**WORK TASK**
Your answer must be exactly the lines from the one containing "Tres hombres cortando agave gigante" through the end of the material, both ends included, without pictures.

**DATASET EXCERPT**
----------------

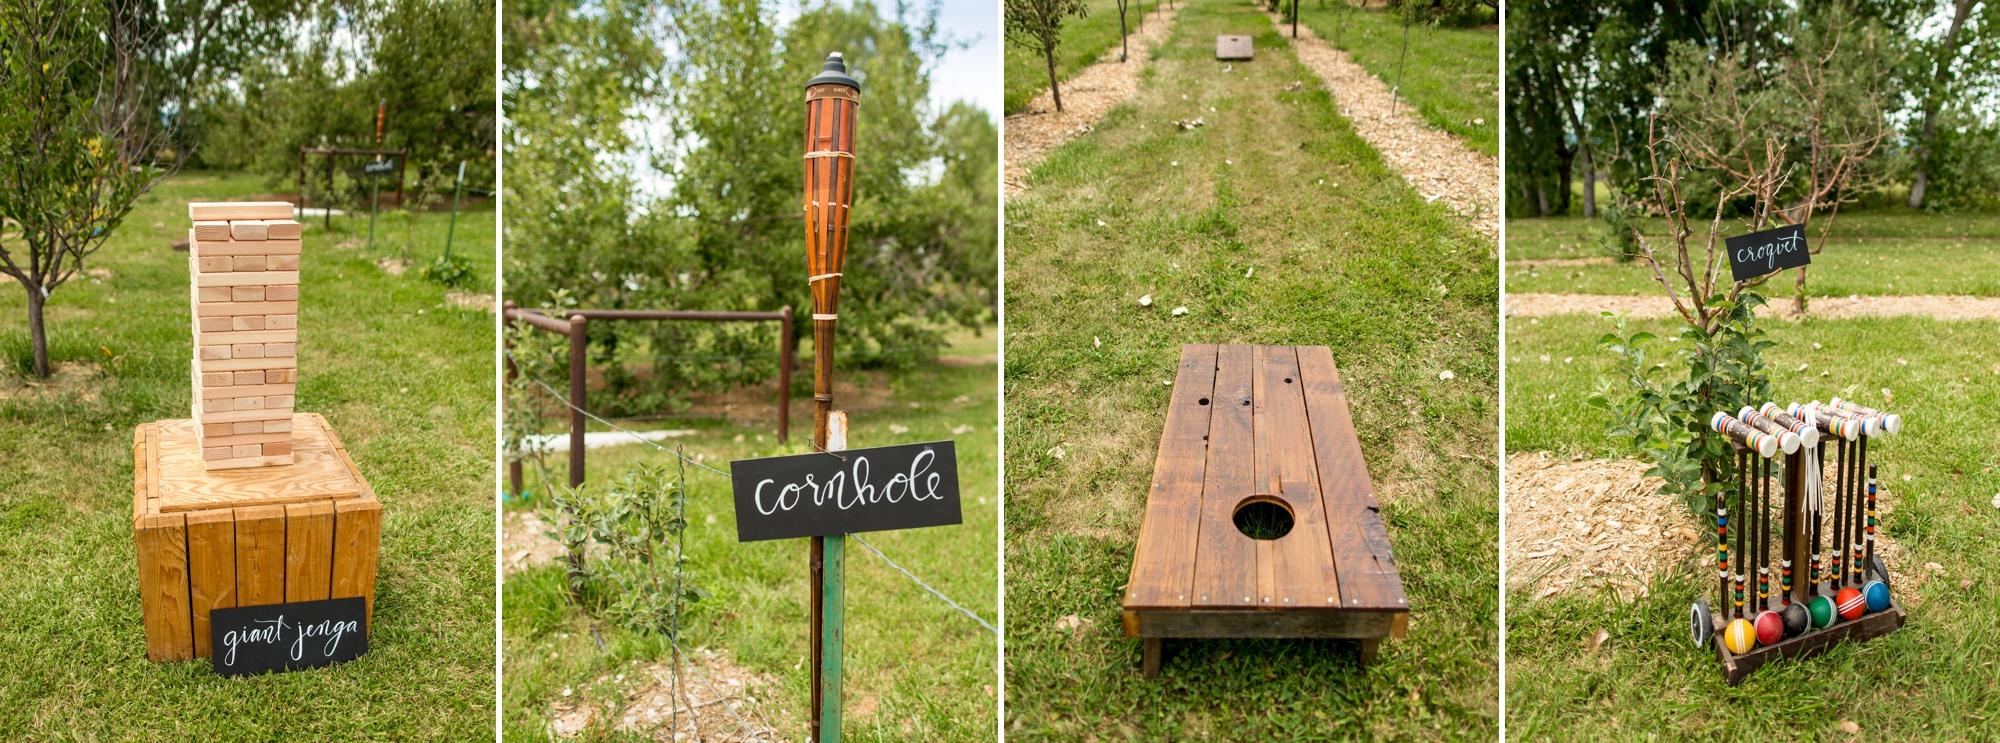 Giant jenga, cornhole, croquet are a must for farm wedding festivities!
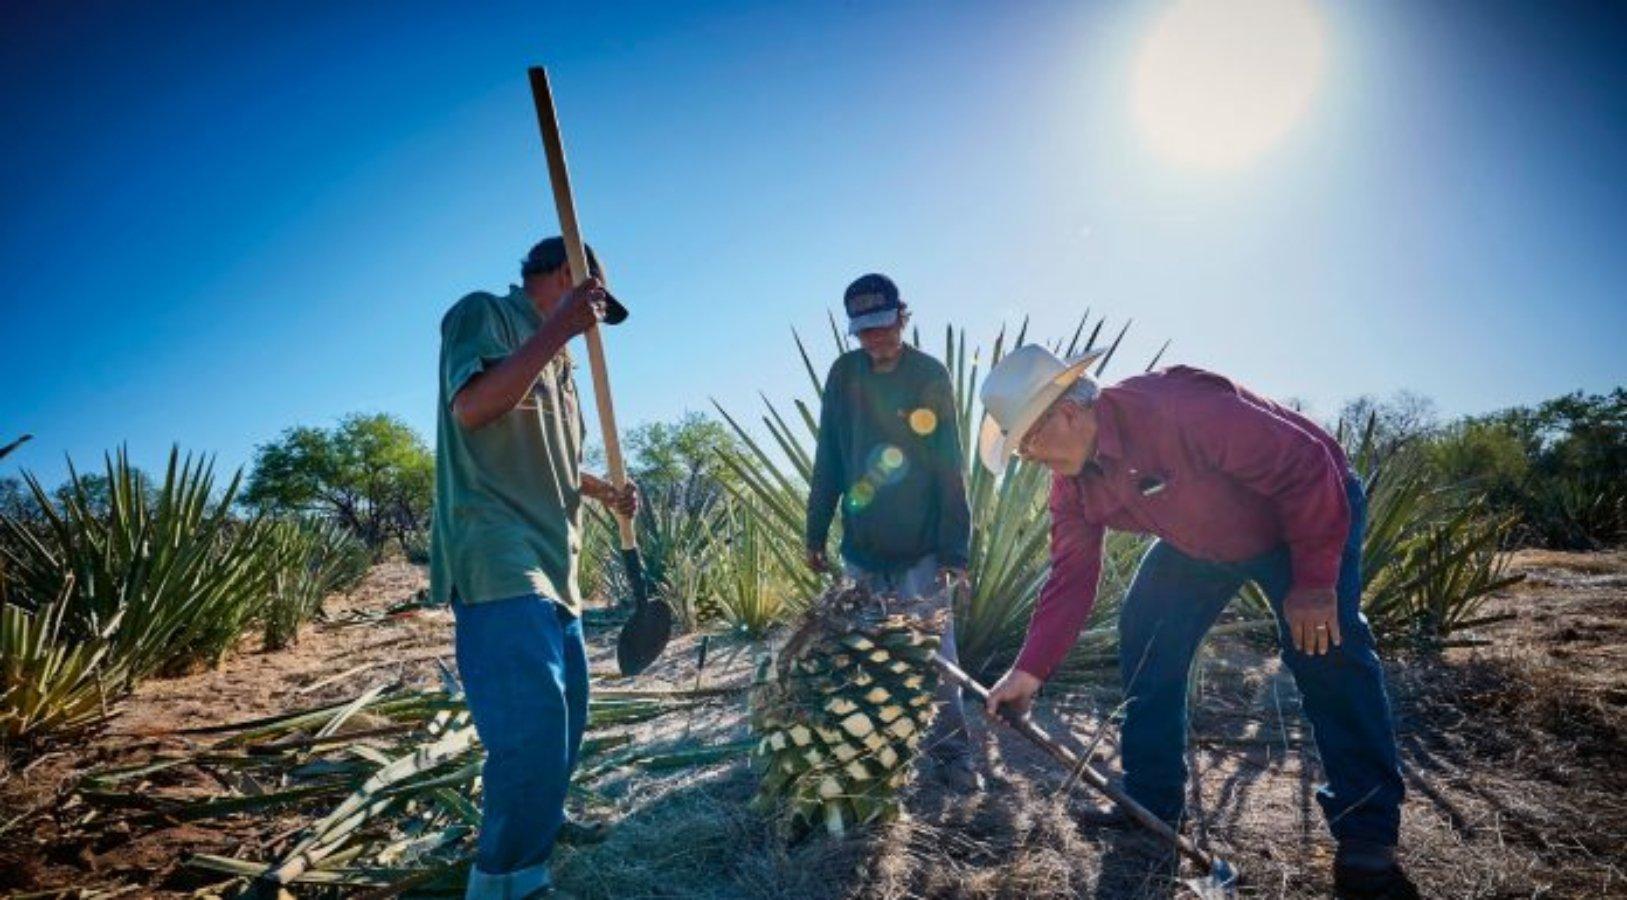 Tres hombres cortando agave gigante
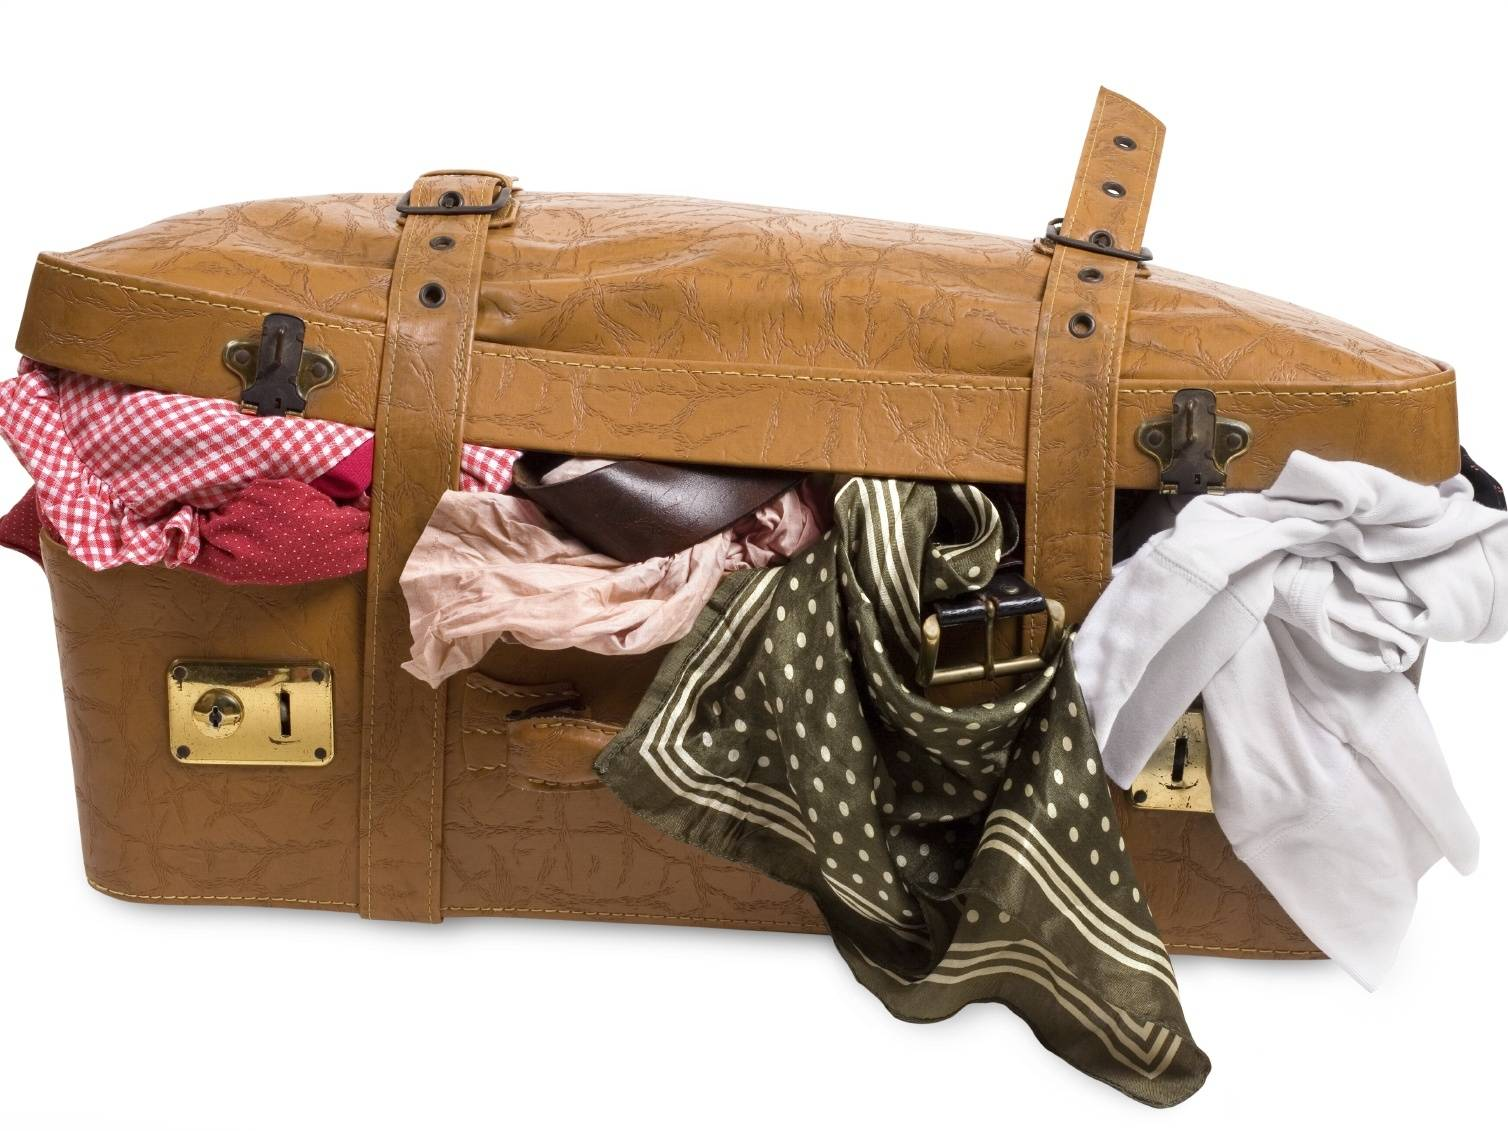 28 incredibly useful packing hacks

----------------

**RESULT FOR THIS EXERCISE**
 Tres hombres cortando agave gigante
 28 incredibly useful packing hacks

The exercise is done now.